B. 3.1.2 UEM ET CHANGEMENT DE RÉGIME
L'UEM
constitue un véritable changement de régime pour l'ensemble des
pays de l'UE. Ce nouveau contexte peut avoir deux types de conséquences.
Tout d'abord, l'UEM peut modifier la stratégie des gouvernements des
pays de la zone euro en matière de réformes du marché du
travail en raison de la nouvelle organisation des politiques
économiques. Celle-ci est susceptible de modifier l'activisme des
gouvernements à l'égard des réformes du marché du
travail. D'autre part, comme cela a déjà été
mentionné précédemment, elle peut inciter les
gouvernements à chercher à accroître la flexibilité
du marché du travail pour compenser la perte d'autonomie nationale de la
politique budgétaire.
L'UEM peut également conduire à une modification des pratiques ou
à l'émergence de comportements nouveaux. En effet, avec la
monnaie unique, la compétitivité d'un pays par rapport à
ses partenaires de l'UEM découlera plus directement des coûts
salariaux relatifs. La nécessité de maintenir ses coûts
unitaires au niveau de ceux des autres partenaires de la zone euro pourrait
entraîner une modification des comportements des acteurs et des
institutions du marché du travail. Nous discutons ce point en
mentionnant les évolutions probables des marchés du travail dans
les premières années de l'UEM.
1. 3.1.2.1 Politique économique et réformes du marché du travail
Il existe
une certaine incertitude sur ce que seront les comportements de la BCE et des
gouvernements des pays participants à la monnaie unique, donc sur la
politique économique menée. Le plus vraisemblable est que les
politiques budgétaires demeurent plutôt restrictives et que la
politique monétaire devienne un peu plus active69(
*
). Outre ce nouveau
policy-mix
au
niveau de l'UE, le Pacte de stabilité et de croissance pourrait, dans
certaines circonstances, limiter l'autonomie budgétaire de chaque Etat.
Une conséquence serait alors que les politiques budgétaires
nationales ne pourraient plus laisser autant jouer les stabilisateurs
automatiques que par le passé, et l'activité économique
deviendrait plus instable. Sur cette base, et comme pour la disparition des
taux de change bilatéraux entre les pays participant à l'UEM, les
gouvernements peuvent chercher à augmenter la flexibilité sur
d'autres marchés, notamment sur le marché du travail, afin de
maintenir ou de renforcer la capacité d'adaptation globale de leur pays.
Les effets à attendre de réformes du marché du travail en
termes de flexibilité des salaires et de l'emploi au niveau
macro-économique sont discutés plus loin (voir Les leçons
à tirer du rapport).
La multiplicité des autorités budgétaires n'est pas la
seule diversité à laquelle doit faire face la BCE. Les
marchés du travail sont également différents, et les
niveaux de chômage en-dessous desquels l'inflation risque d'augmenter
(chômage structurel) ne sont
a priori
pas les mêmes entre
les pays participants à l'UEM. Ceci complique la tâche de la BCE,
puisqu'une même politique monétaire peut être inflationniste
dans un pays et trop restrictive dans un autre.
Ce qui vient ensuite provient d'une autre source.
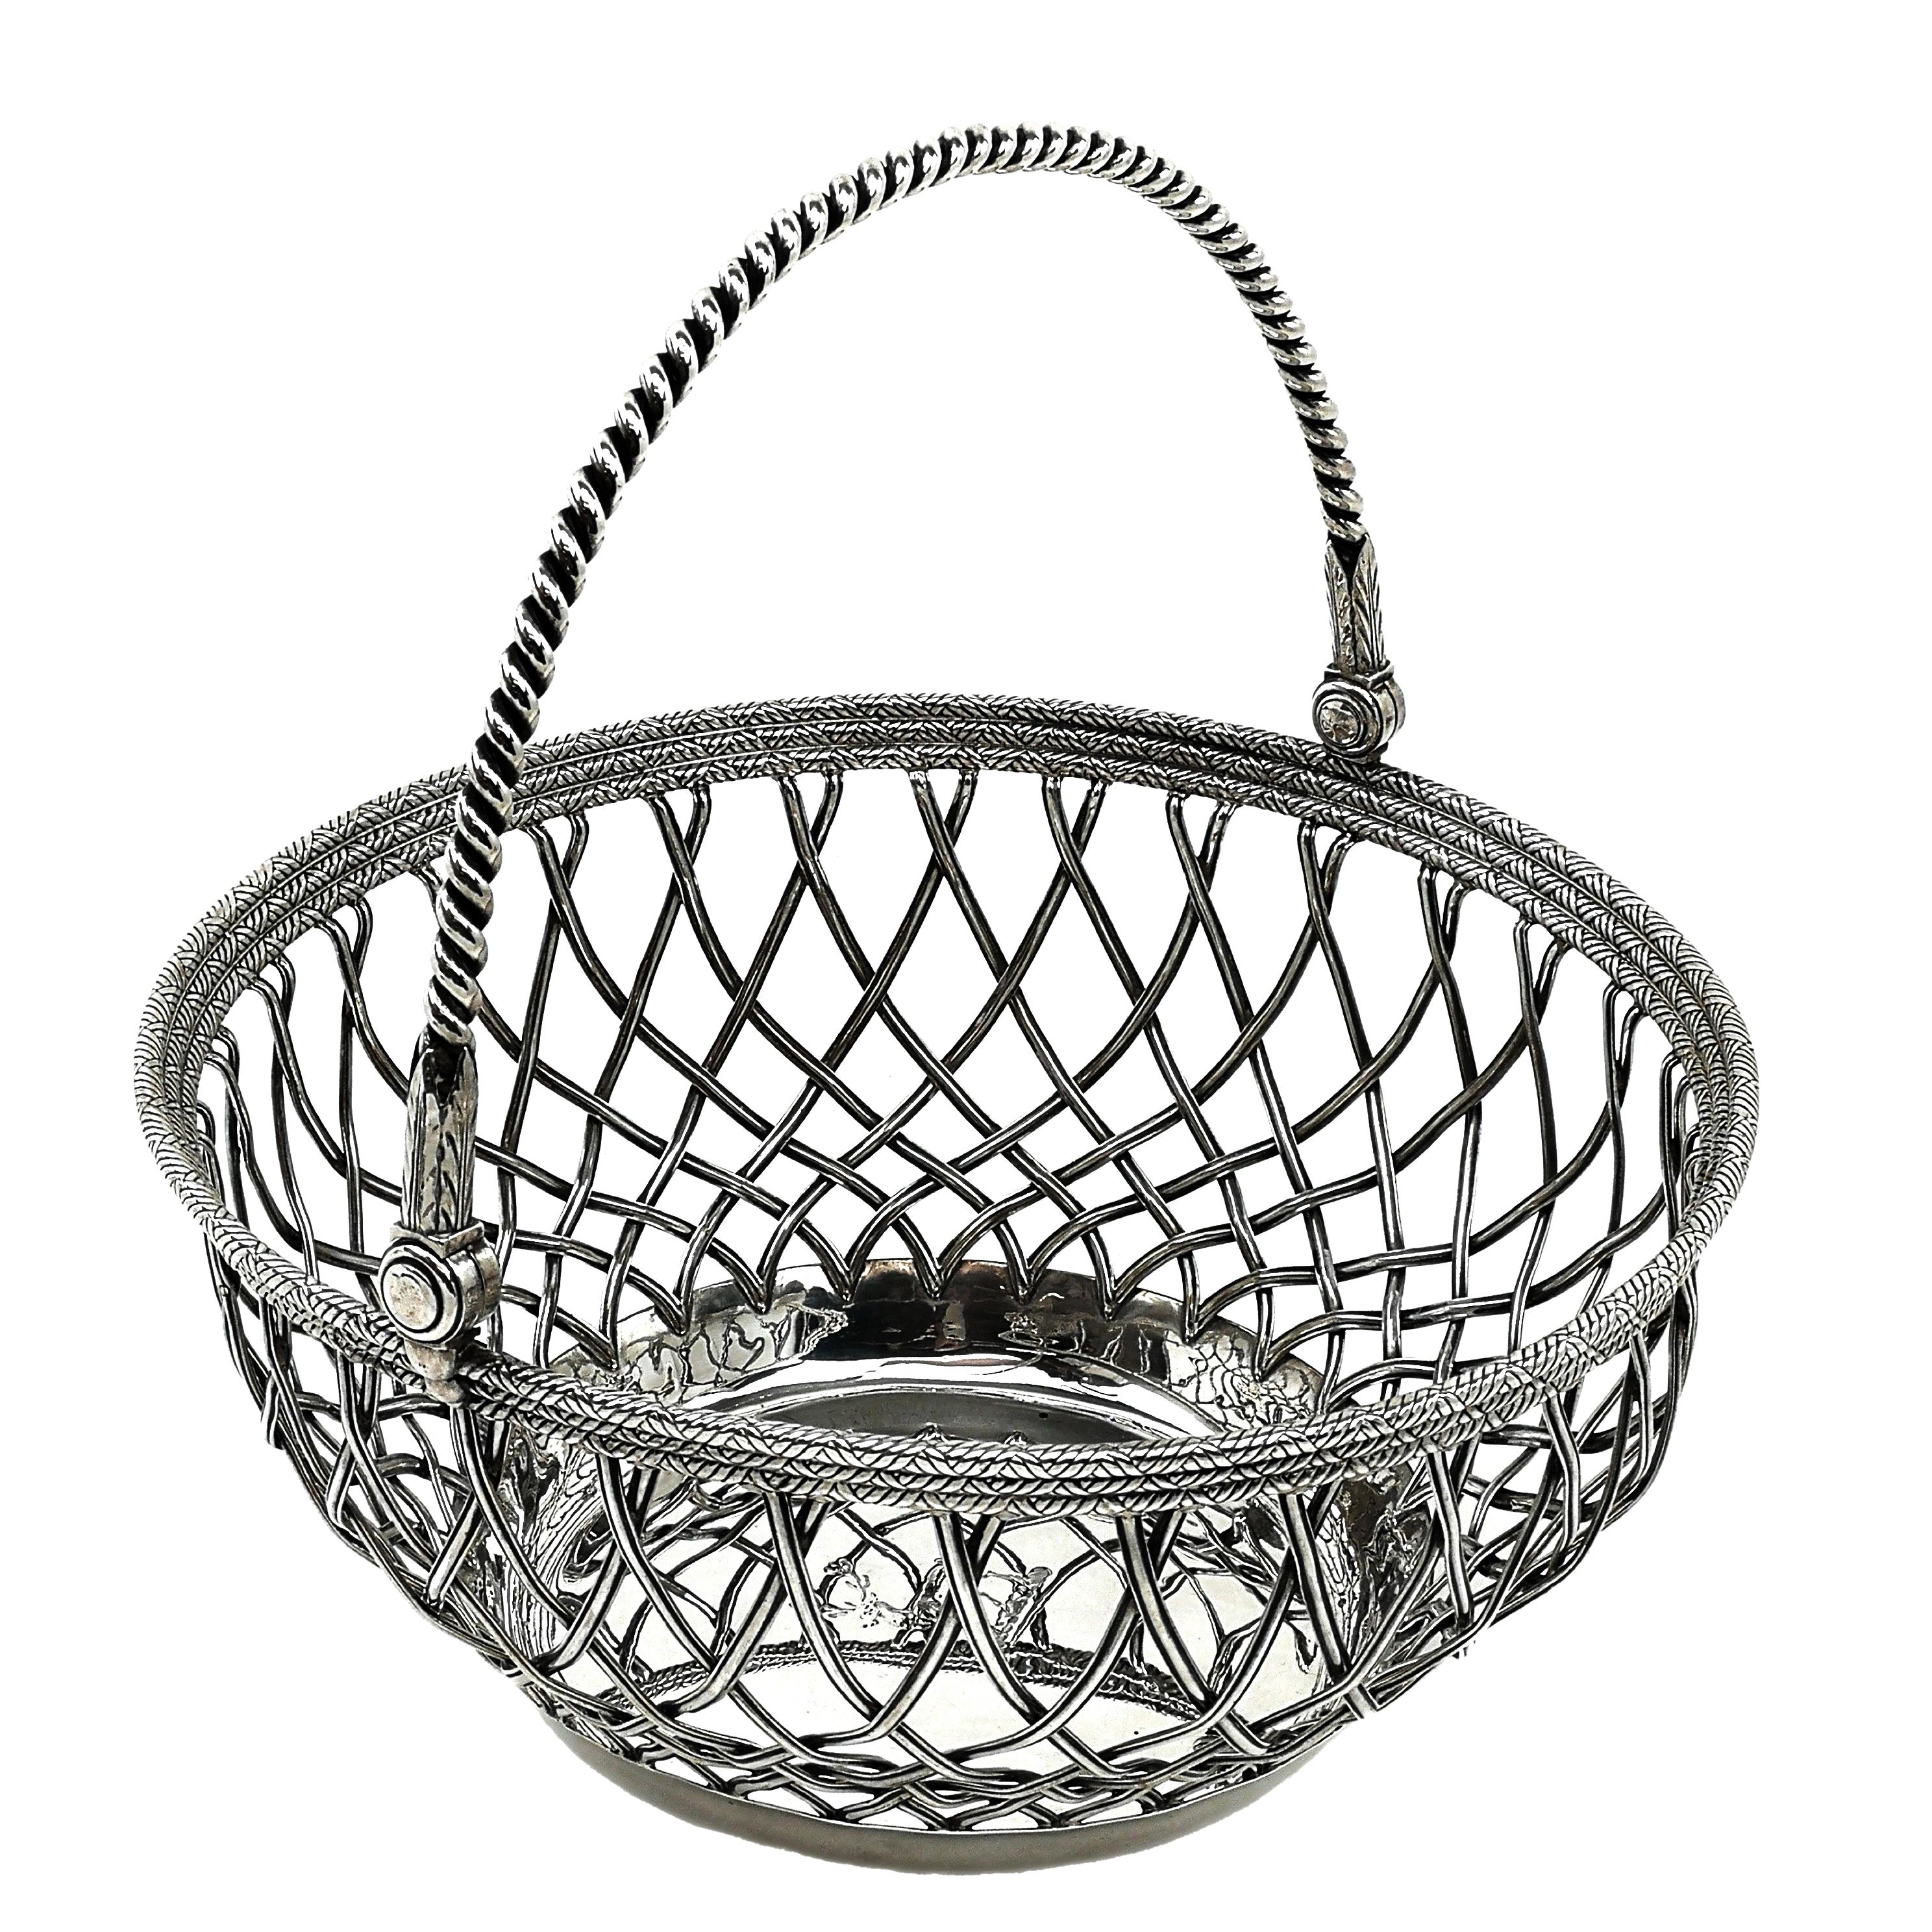 A magnificent George III Solid Silver Basket with a round form and a traditional swing handle. The Basket has a Solid Base and elegant sides created through silver wire work to mirror a basket weave. The Rim of the basket has cross hatches to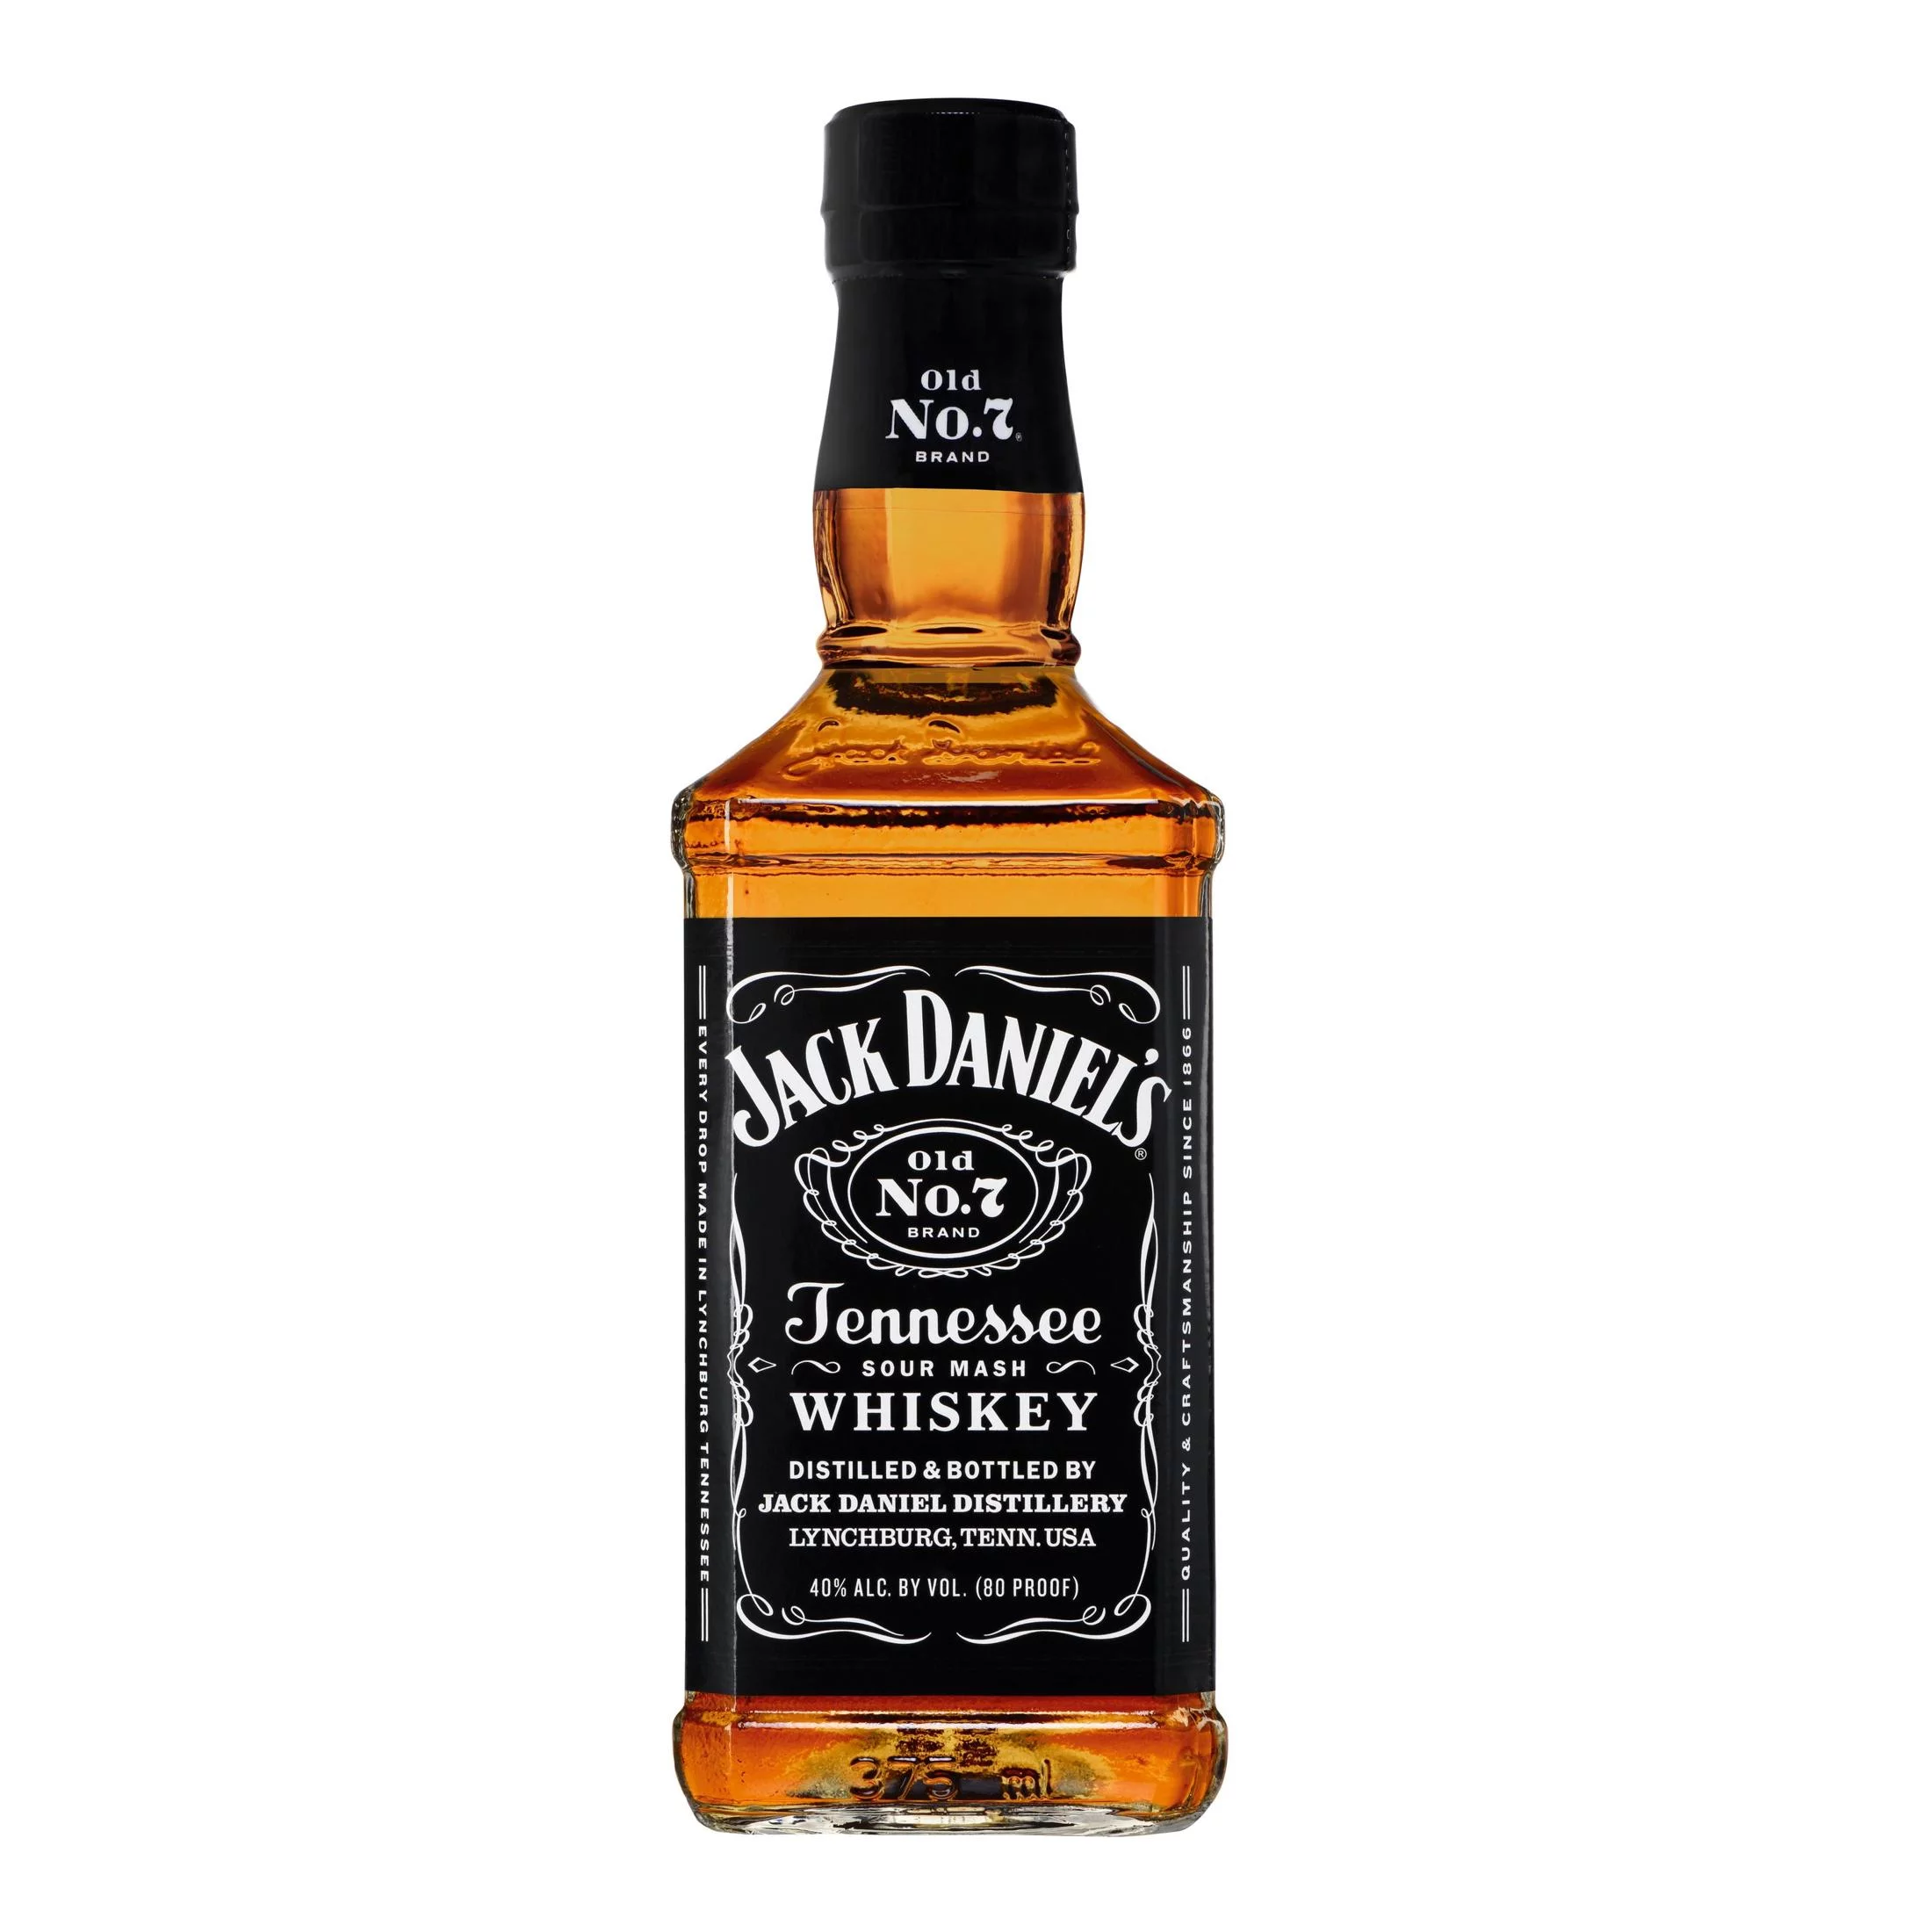 Jack-Daniel-s-Old-No-7-Tennessee-Whiskey-375-ml-Bottle-80-Proof_eb4df105-82ab-4975-a462-fb5e537f8f62.2a62084bfb0359fcbc08d1fdef77e01d

Il existe donc des liens forts
entre la politique menée par la BCE et le marché du travail de
chaque pays de la zone euro. Le problème est qu'il est difficile
d'appréhender le niveau du chômage en dessous duquel il y a un
risque de hausse de l'inflation, et surtout la contribution des institutions du
marché du travail (et des quelles ?). La mesure de ces niveaux
d'équilibre dépasse largement le cadre de la présente
étude. Si parmi les institutions du marché du travail
abordées dans ce rapport, certaines sont susceptibles de contribuer
à l'existence d'un chômage élevé dans les pays de
l'UE, c'est en interagissant avec de nombreux autres facteurs tels que la
politique macro-économique, le progrès technique, l'ouverture
commerciale, la capacité à innover, etc. Toutefois, si la BCE
voit dans les institutions du marché du travail les causes d'un niveau
élevé du taux de chômage d'équilibre, elle pourrait
conditionner sa gestion de la politique monétaire à la mise en
place de réformes sur le marché du travail.